### Directions
Retype, word for word, each line between the lines holding "Arell's Angels - Arell" and "Durex Play Vibrating", inclusive, and leave the rest of the data alone.

### Extracted material
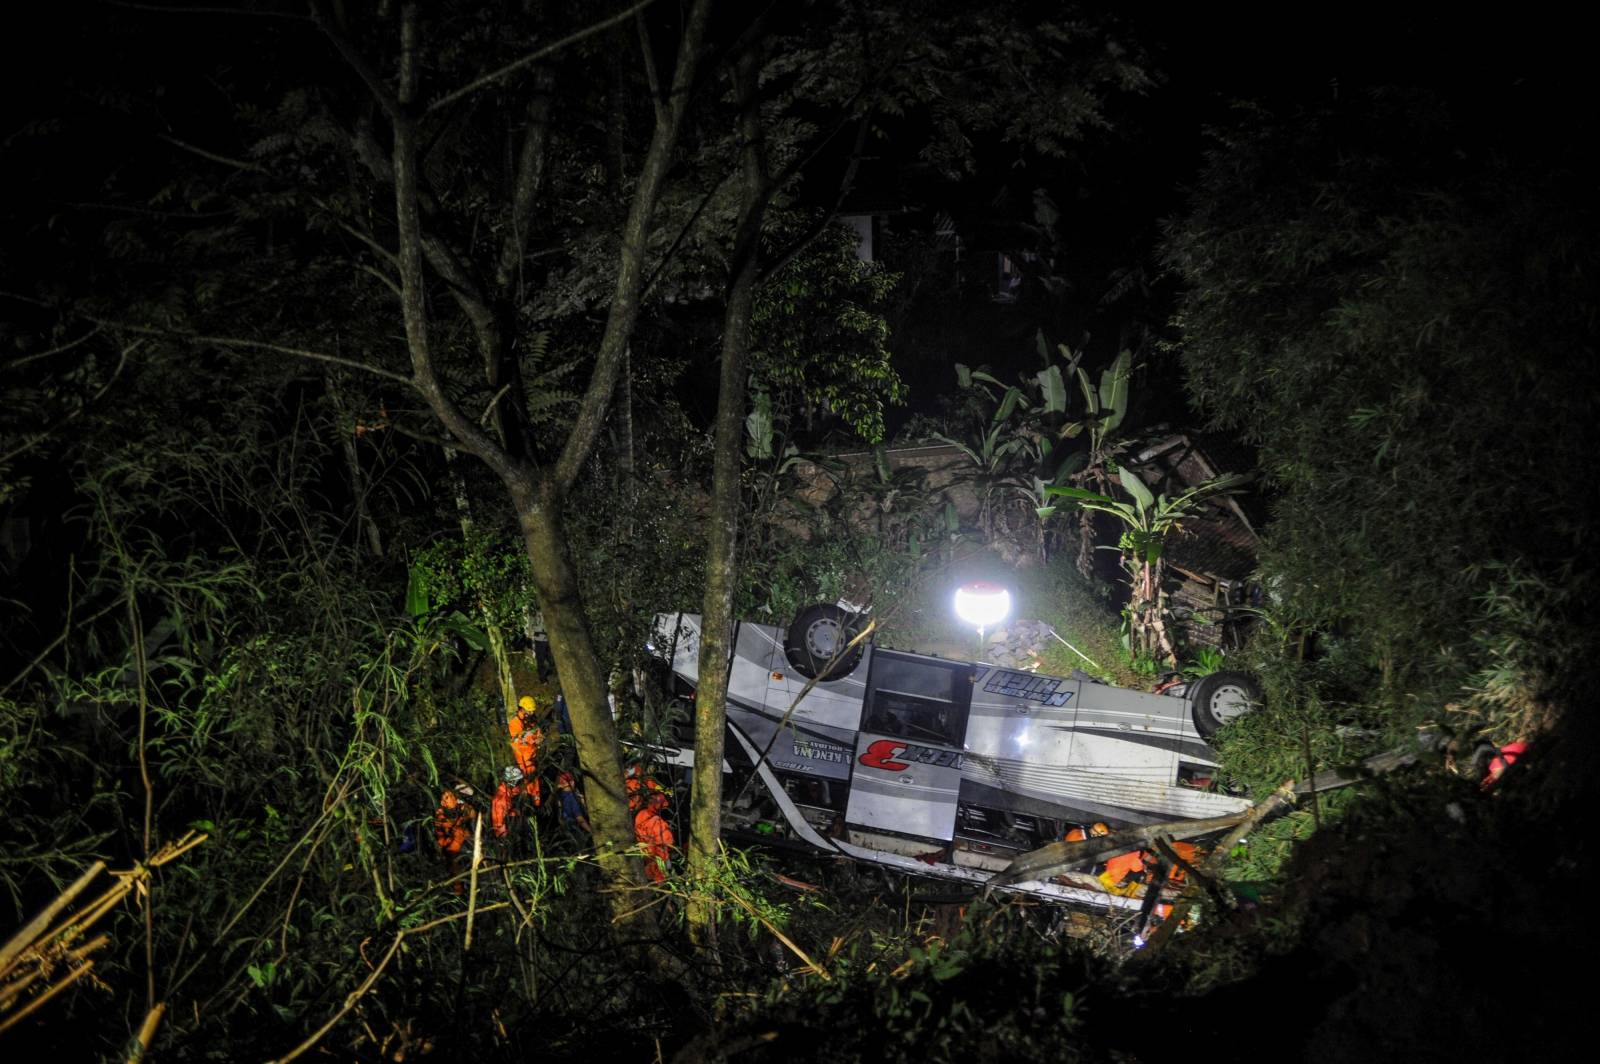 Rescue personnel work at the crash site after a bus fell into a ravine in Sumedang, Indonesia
--
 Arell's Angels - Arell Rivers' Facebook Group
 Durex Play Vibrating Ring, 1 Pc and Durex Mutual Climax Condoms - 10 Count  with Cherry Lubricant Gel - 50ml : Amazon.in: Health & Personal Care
* * *
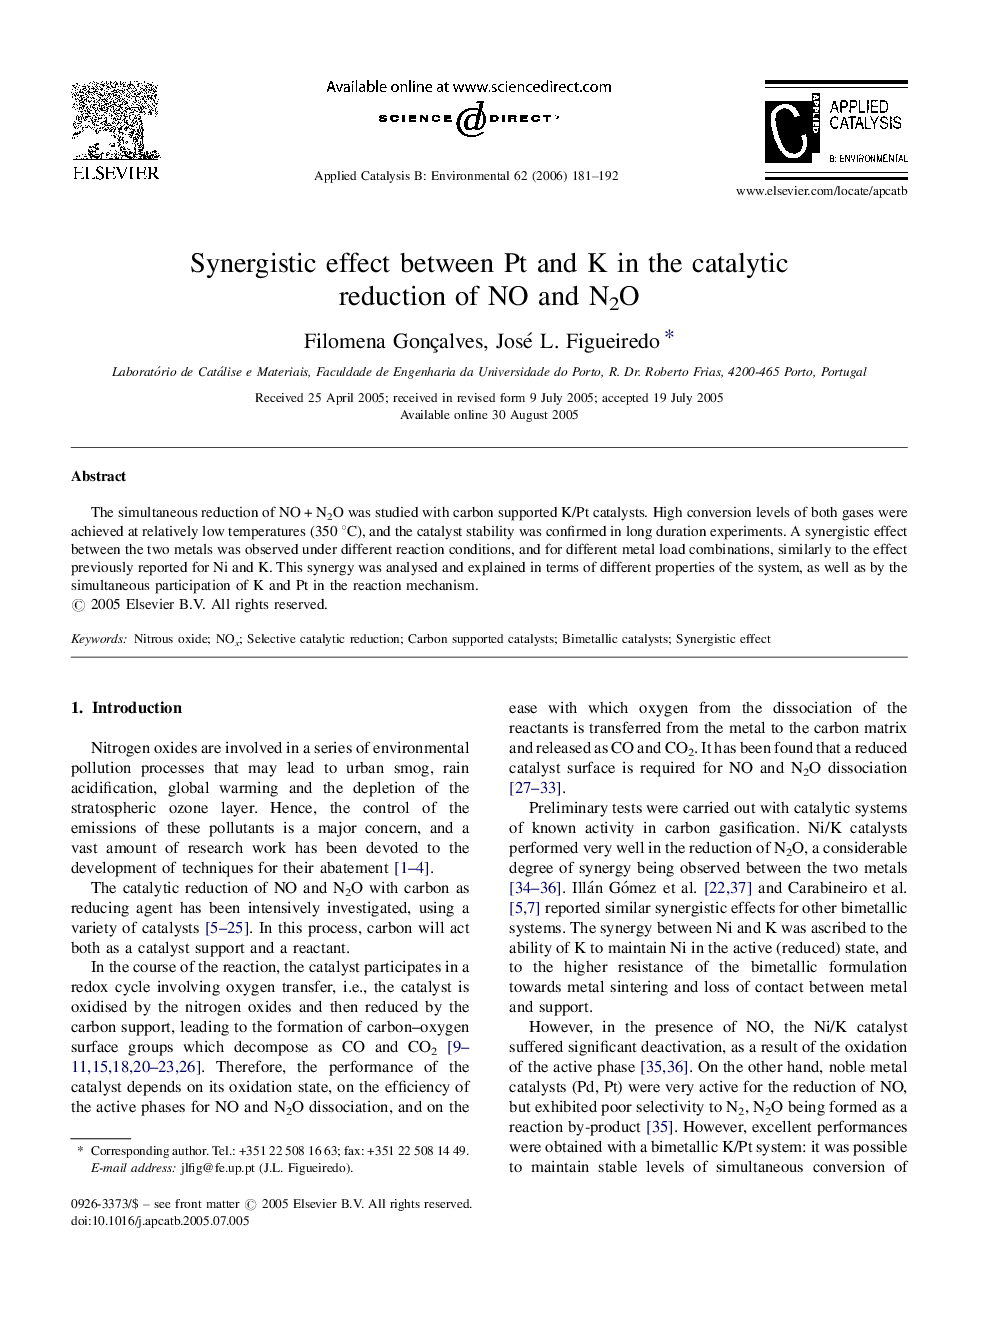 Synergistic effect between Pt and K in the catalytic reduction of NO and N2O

### Answer to this exercise
 Arell's Angels - Arell Rivers' Facebook Group
 Durex Play Vibrating Ring, 1 Pc and Durex Mutual Climax Condoms - 10 Count  with Cherry Lubricant Gel - 50ml : Amazon.in: Health & Personal Care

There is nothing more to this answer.